デイヴィッド・ミッチェル『ボーン・クロックス』を読みました。
まず言っていい?
この本は、私的ブックランキング2021年のトップ10に入ります!!!ぱちぱちぱち(日本では2020年刊行だけども)
めっちゃ面白かった。本当に面白かった。長かったけど、夢中で読んだ。本当に夢中で読みました。定価で5400円するんですけど、これは買いだな~(図書館から借りて読みました)。そのうち自分で買います。ええ。買います。

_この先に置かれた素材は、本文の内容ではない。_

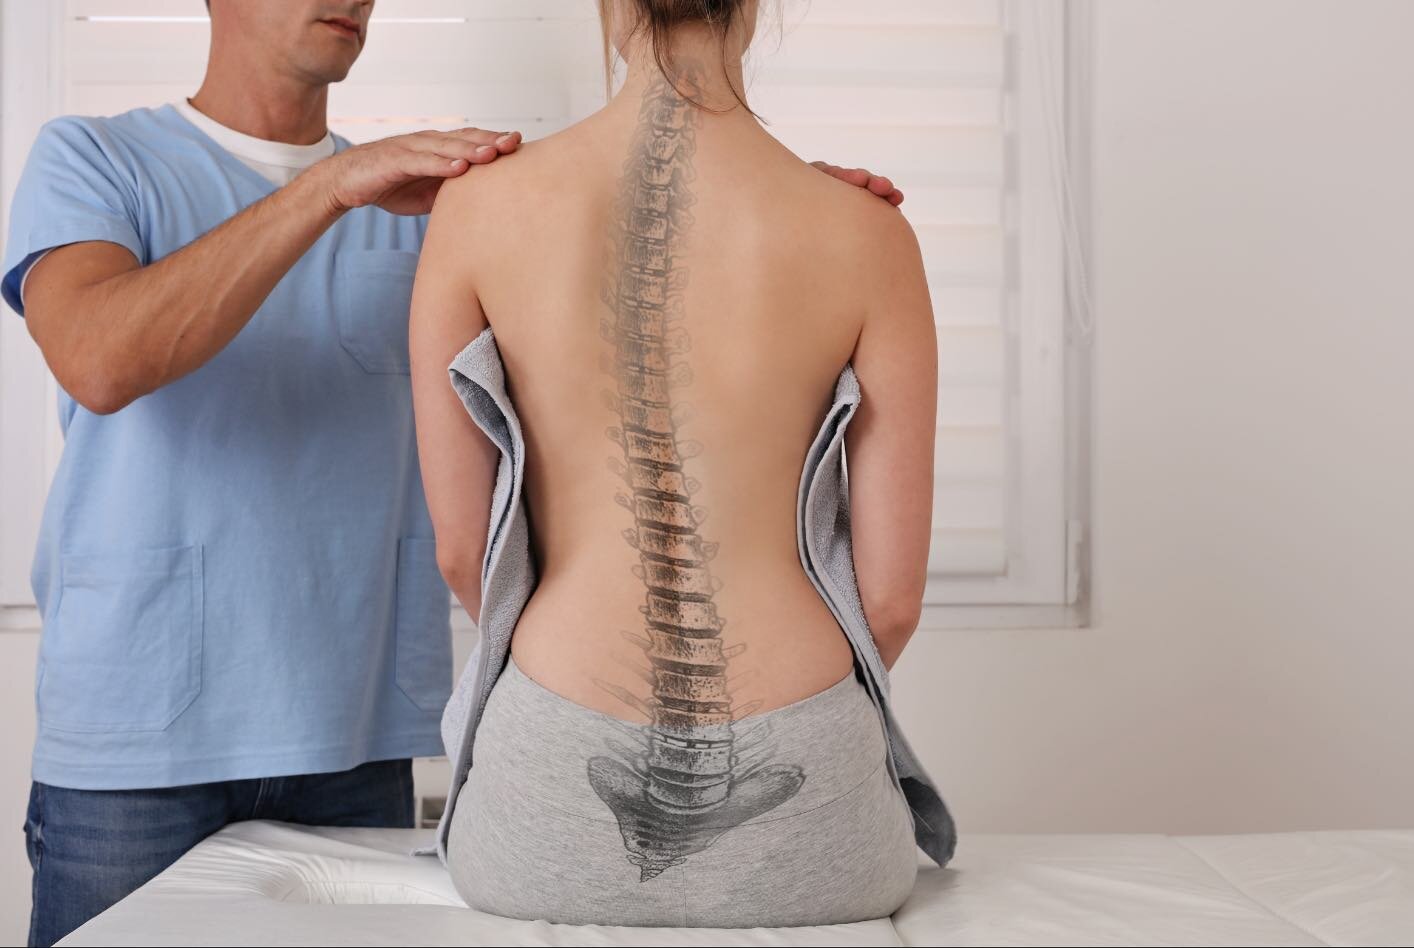 XYXZ Lordosenstütze für Die untere Lendenwirbelsäule Verstellbare Gurtstützen Frauen Männer Taille Rückenlage Knochenschmerzen Schmerzen Korsett 
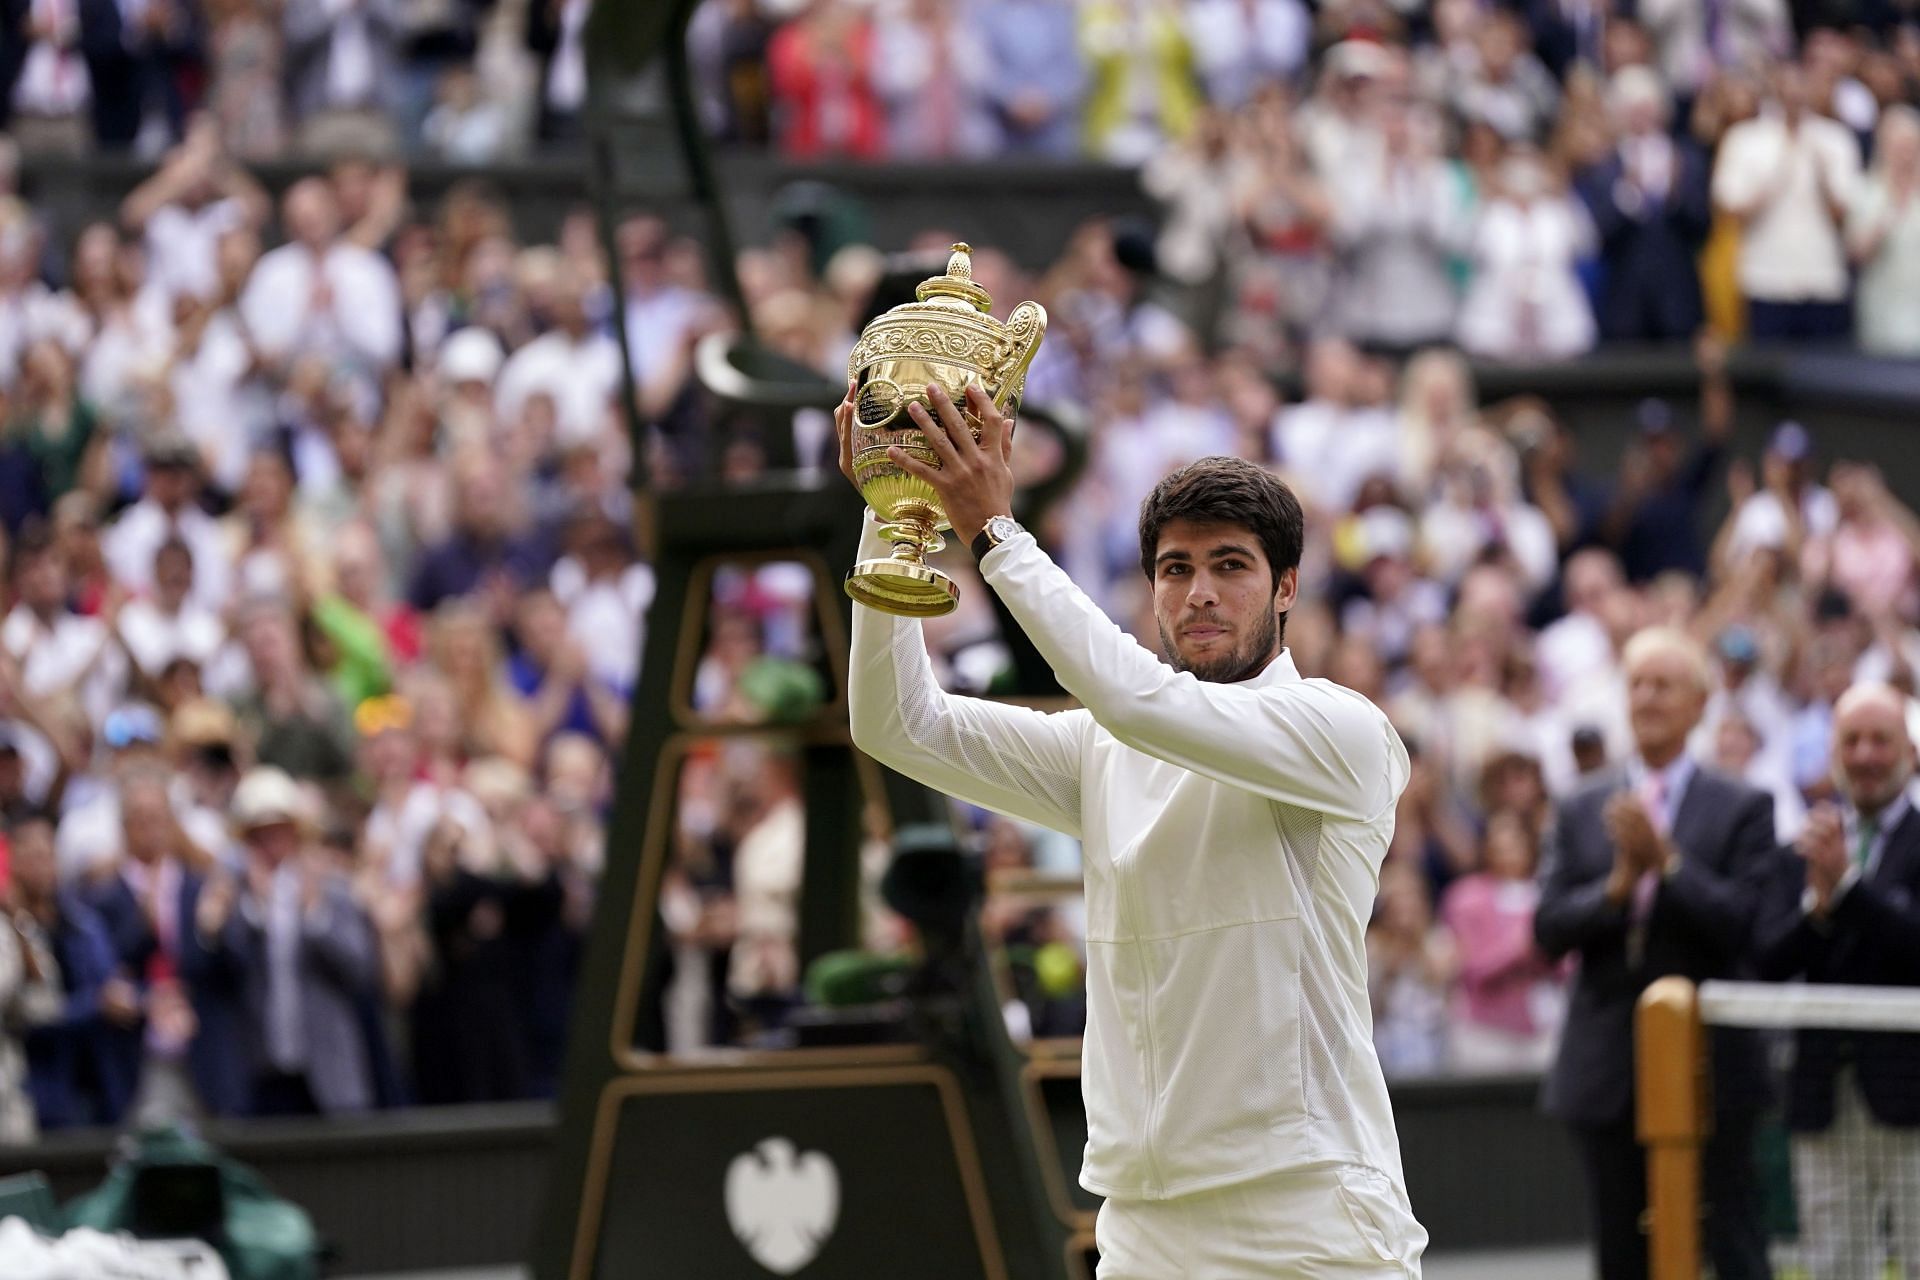 Alcaraz at the 2023 Wimbledon.

世界幻想文学大賞受賞ということで、私はここで「幻想文学とは?」という話になるのだけれど、おそらくこの本は「幻想文学?向こうから来い」という感じで、本当に幻想文学の方から『ボーン・クロックス』に寄ってきた、そういう感じがします。SFとも言えそうだし(言えないか)ファンタジーとも言えるし(それは言えそう)終末世界をえがいた話でもある。
主人公であるホリー・サイクスが十代の頃、エスター・リトルと出会うシーンが何よりお気に入りだ。緑茶をもらうところ。その出会いの真の意味を知ることになるのはずっと後になるが、真実を知った時ゾクッとした。とんちんかんな会話をしてらあ、と思っていたけど、全然意味通じる、そういうことだったんだ…。あとはホリーの弟であるジャッコが彼女に迷路をプレゼントするところとかも。鳥肌です。
この物語は<時計学者>と<隠者>という勢力の闘争の物語でもあるのだけど、結局は、ホリー・サイクスという一人の女性<ボーン・クロックス>の物語であるということが大きい。タイトルもこれ以上ないタイトルだと言えます。
小説を読むことはいつも楽しくないわけではないけれど、『ボーン・クロックス』はかつて物語に心底夢中になっていたときの興奮を思い出させてくれました。幸せな読書体験でした。